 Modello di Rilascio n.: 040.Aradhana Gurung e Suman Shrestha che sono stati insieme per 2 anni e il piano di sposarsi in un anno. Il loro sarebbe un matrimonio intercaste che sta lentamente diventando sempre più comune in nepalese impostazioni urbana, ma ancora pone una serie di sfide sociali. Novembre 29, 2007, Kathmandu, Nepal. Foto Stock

•••••

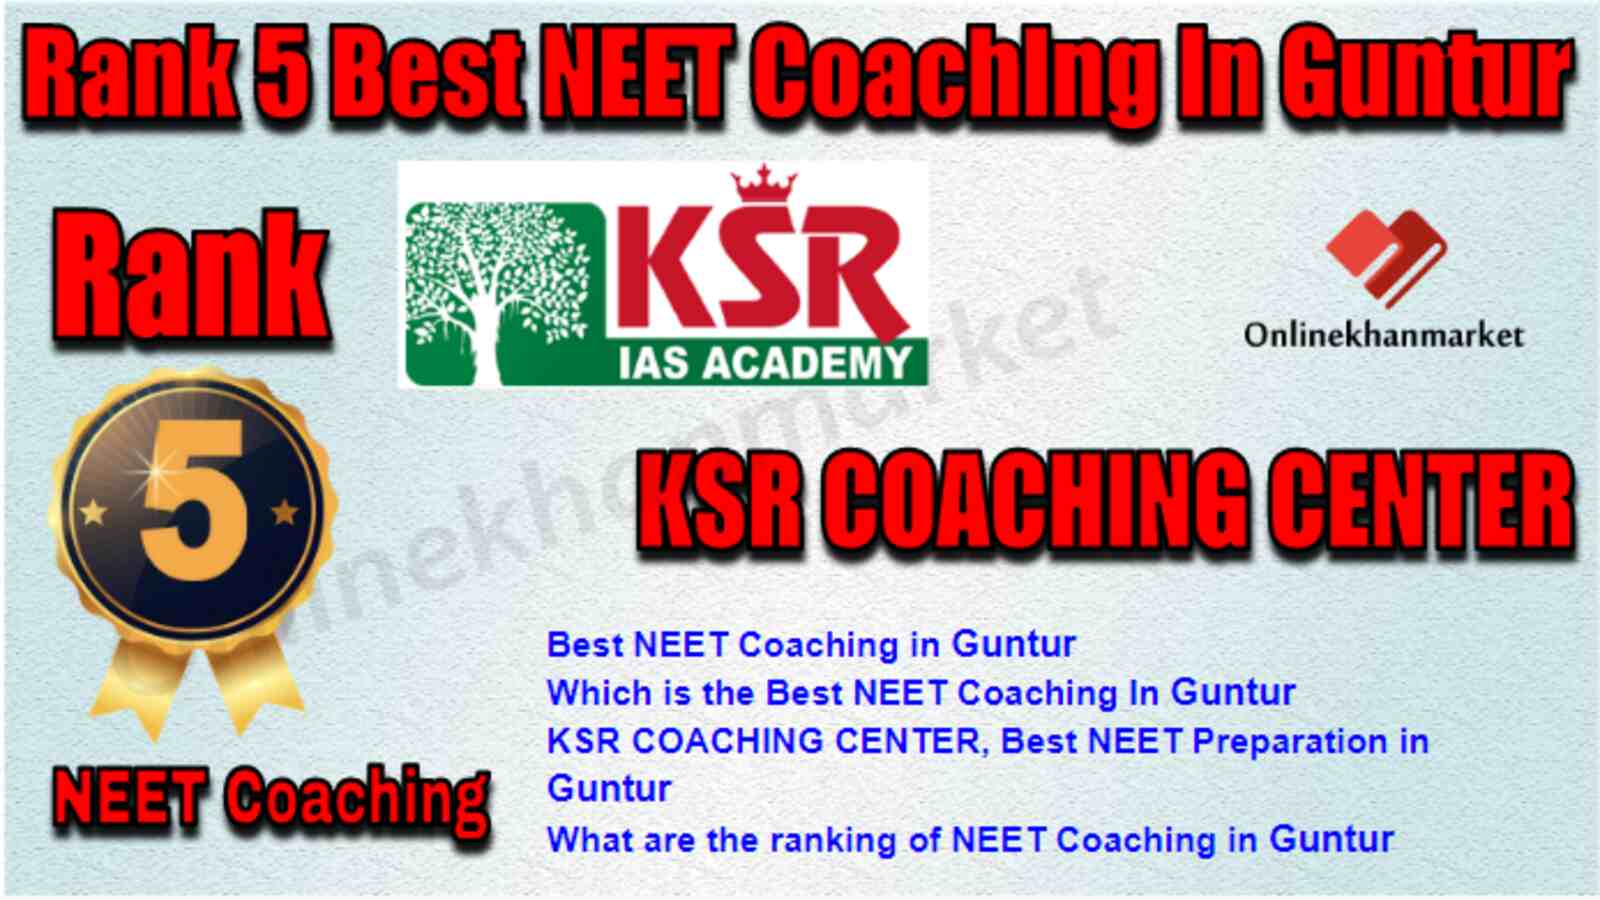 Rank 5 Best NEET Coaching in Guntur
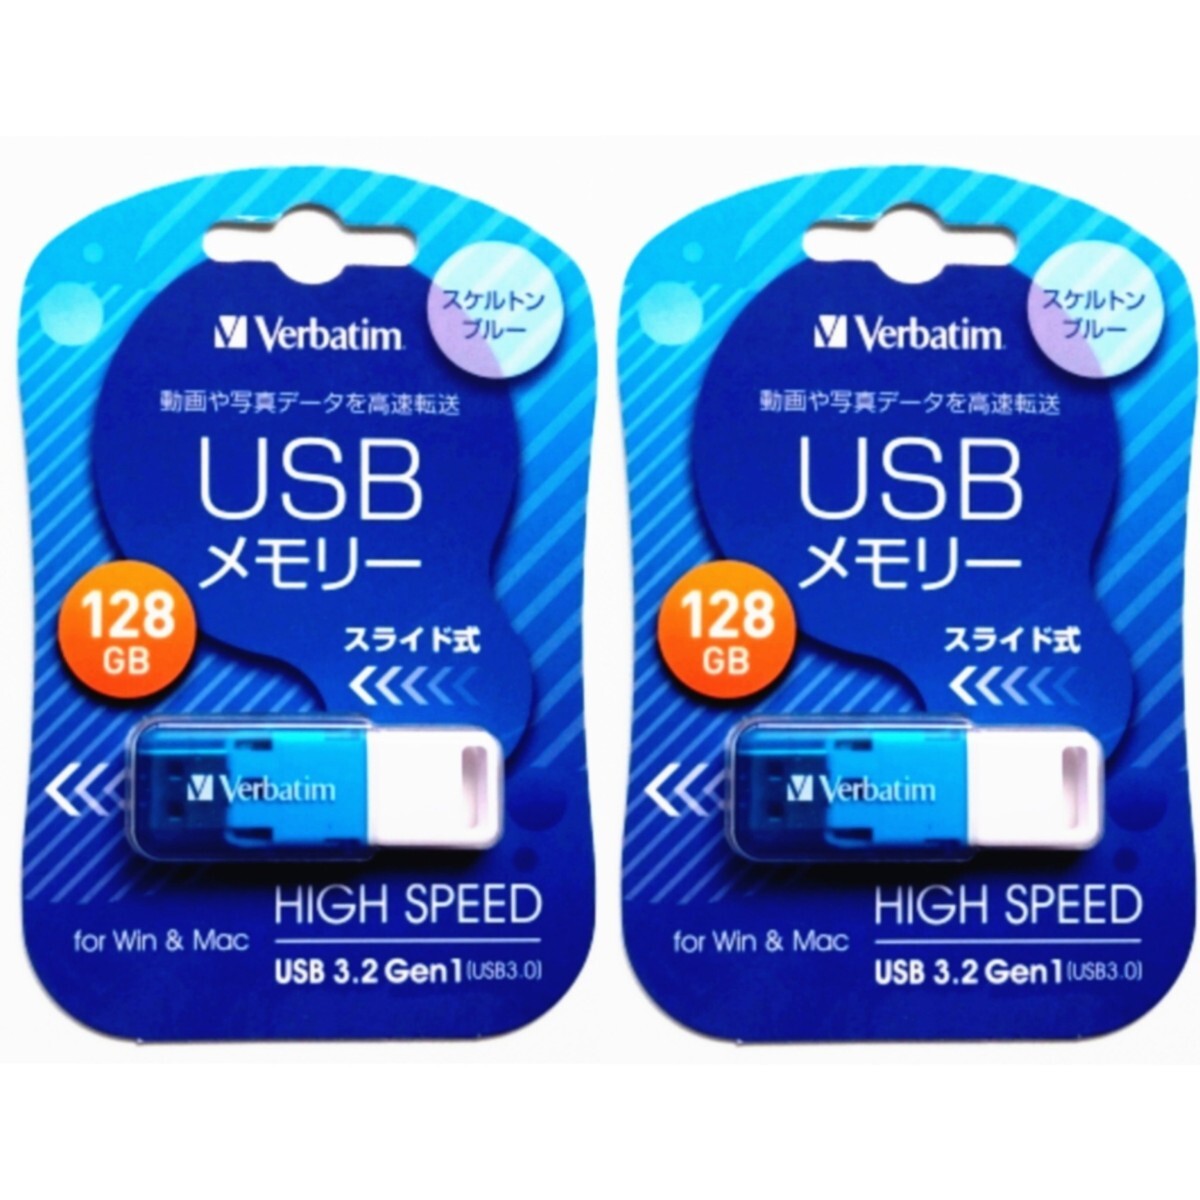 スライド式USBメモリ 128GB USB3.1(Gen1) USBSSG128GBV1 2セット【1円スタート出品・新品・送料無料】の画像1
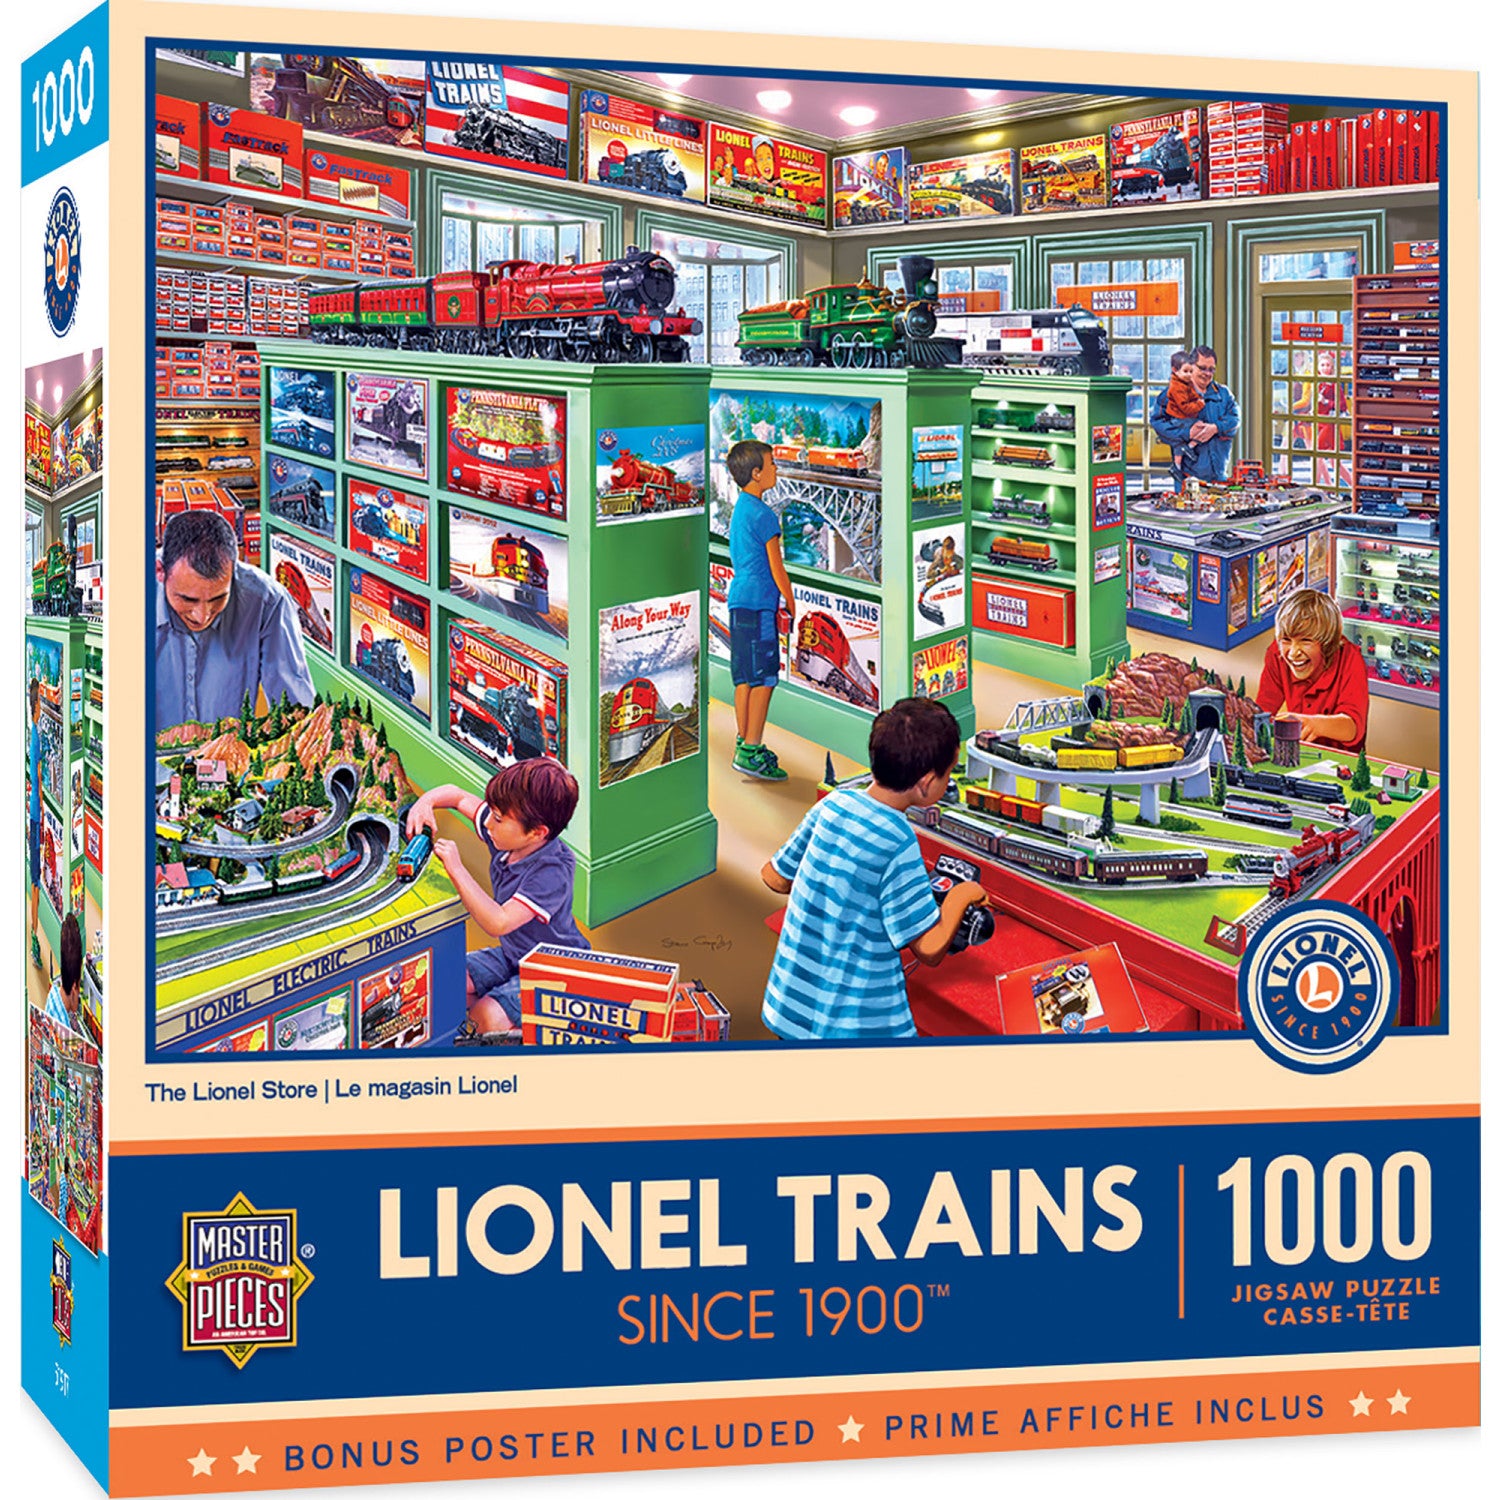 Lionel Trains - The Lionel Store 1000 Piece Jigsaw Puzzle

•••••

Activity: From the data above, retype only the lines starting with the line with "Rank 5 Best NEET Coaching in Guntur" and going on through the line with "Lionel Trains - The", exactly, leaving out the pictures.

Result for this exercise:
 Rank 5 Best NEET Coaching in Guntur
 スライド式USBメモリ 128GB USB3.1(Gen1) USBSSG128GBV1 2セット【1円スタート出品・新品・送料無料】の画像1
 Lionel Trains - The Lionel Store 1000 Piece Jigsaw Puzzle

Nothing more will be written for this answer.